SLV diverging from SIL.

SLV diverging from SIL.

Trade Of The Week: Short ALNY

My pick for the week is ALNY short. The stock has been in downtrend for a good time now. ALNY bounced from below 9 levels to weekly value before turning down again with the overall market. On the daily chart stock dropped below the 50dema and looks like there might be going on a bear flag formation. In case of broader market weakness this stock is likely to be a potential participant.

I am planning to sell this stock short below the Friday’s low at 10.27 and will place my stop at 10.85. My first target is at 9.

For the future: If ALNY pulls back it is likely to form nice bullish divergence on the weekly chart.


Suggar Follow Up

Congratulations to all of you who traded SGG during the summer months. That has been very sweet business. Also I’d like to thank you my dear fellow trader who pointed out the chart for me early in the June.
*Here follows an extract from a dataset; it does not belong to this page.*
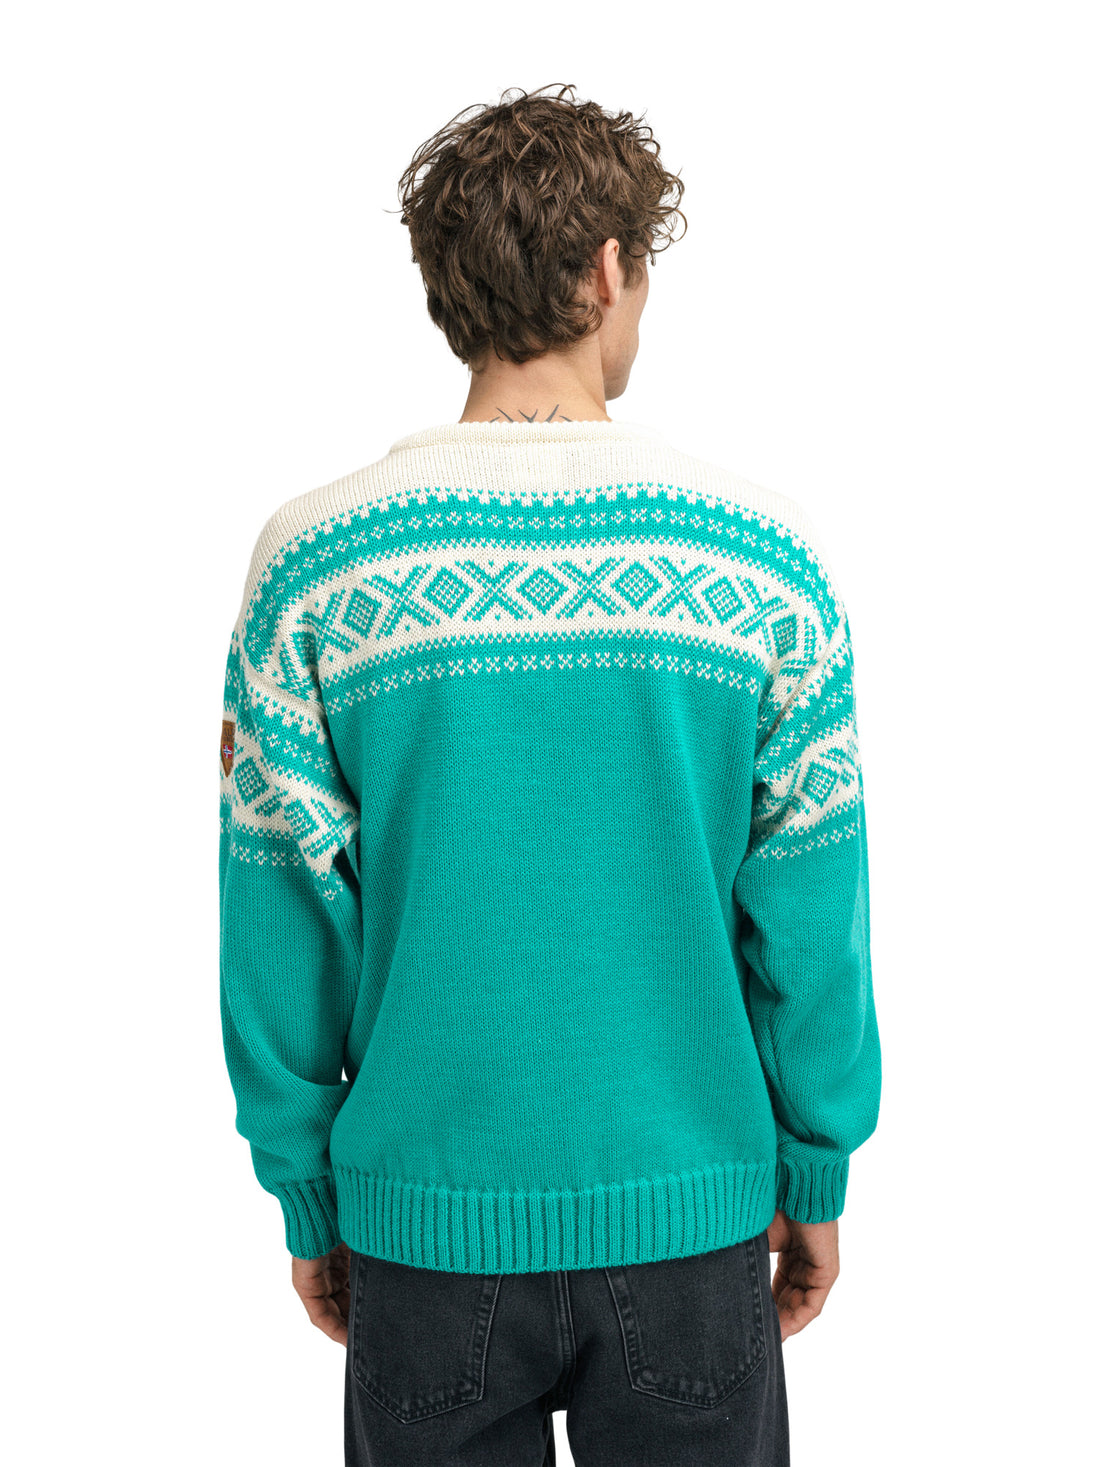 Dale of Norway - Cortina 1956 Unisex Sweater - Peacock offwhite
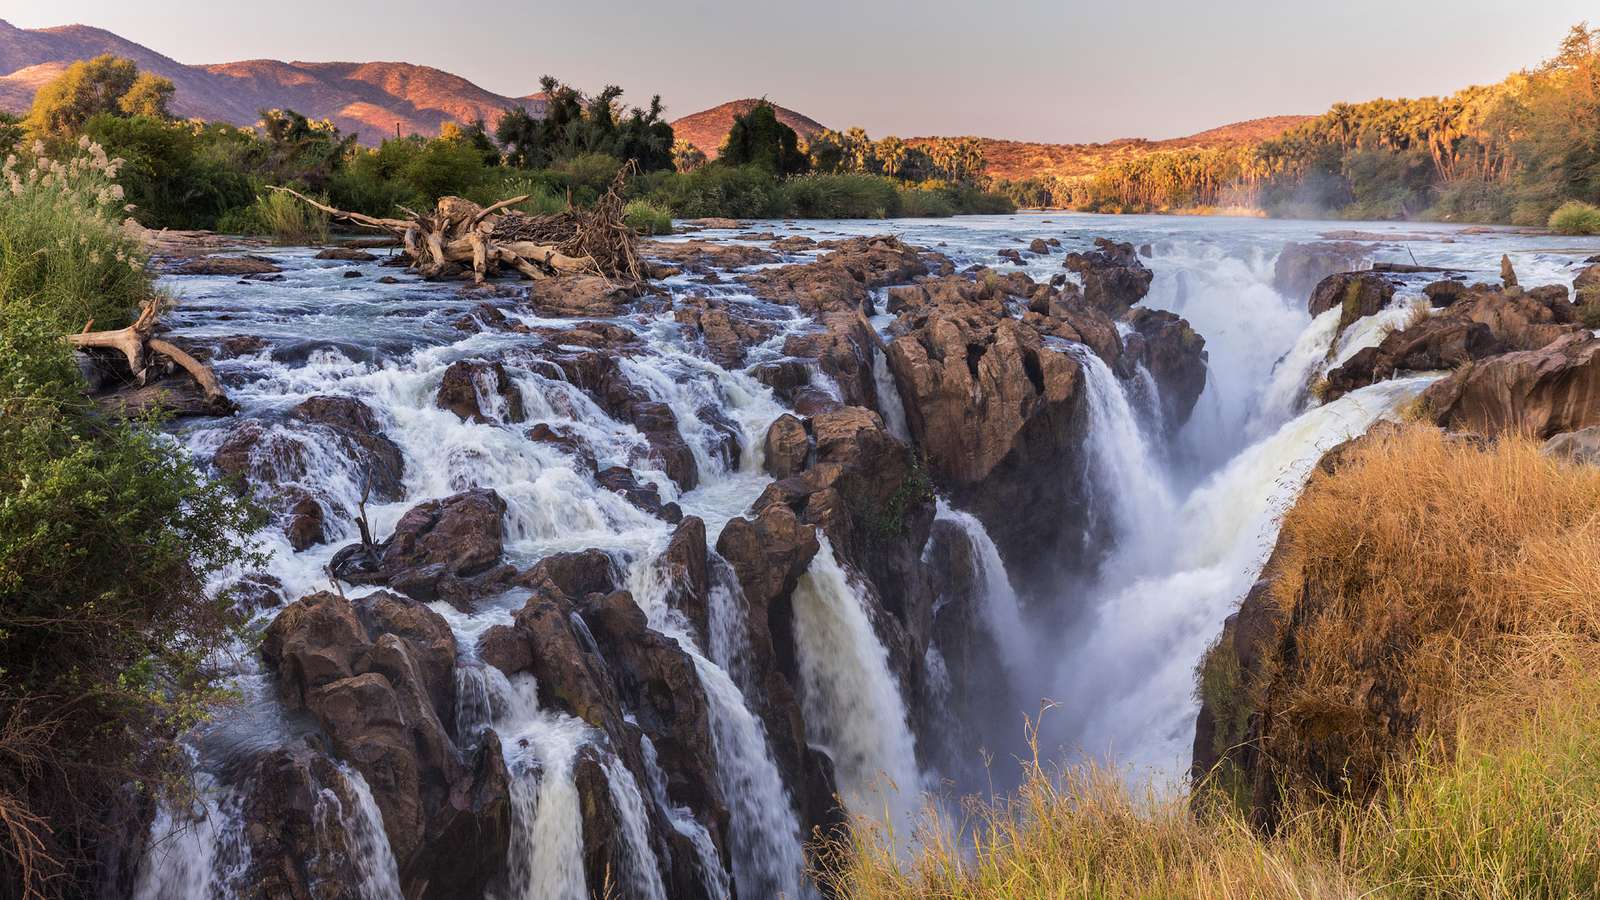 Epupa-Wasserfall in Namibia Puzzlespiel online

I apologize that I didn’t post this idea right away but two weeks later. I’ll try to do better job in the future.

However, I’d like share you my style of trading this sweet commodity. I like to go long on those short counter tides of the market. I find them myself using moving averages pointing out the value zone and 2dEMA of the Force Index pullbacks to give me a signal to go long.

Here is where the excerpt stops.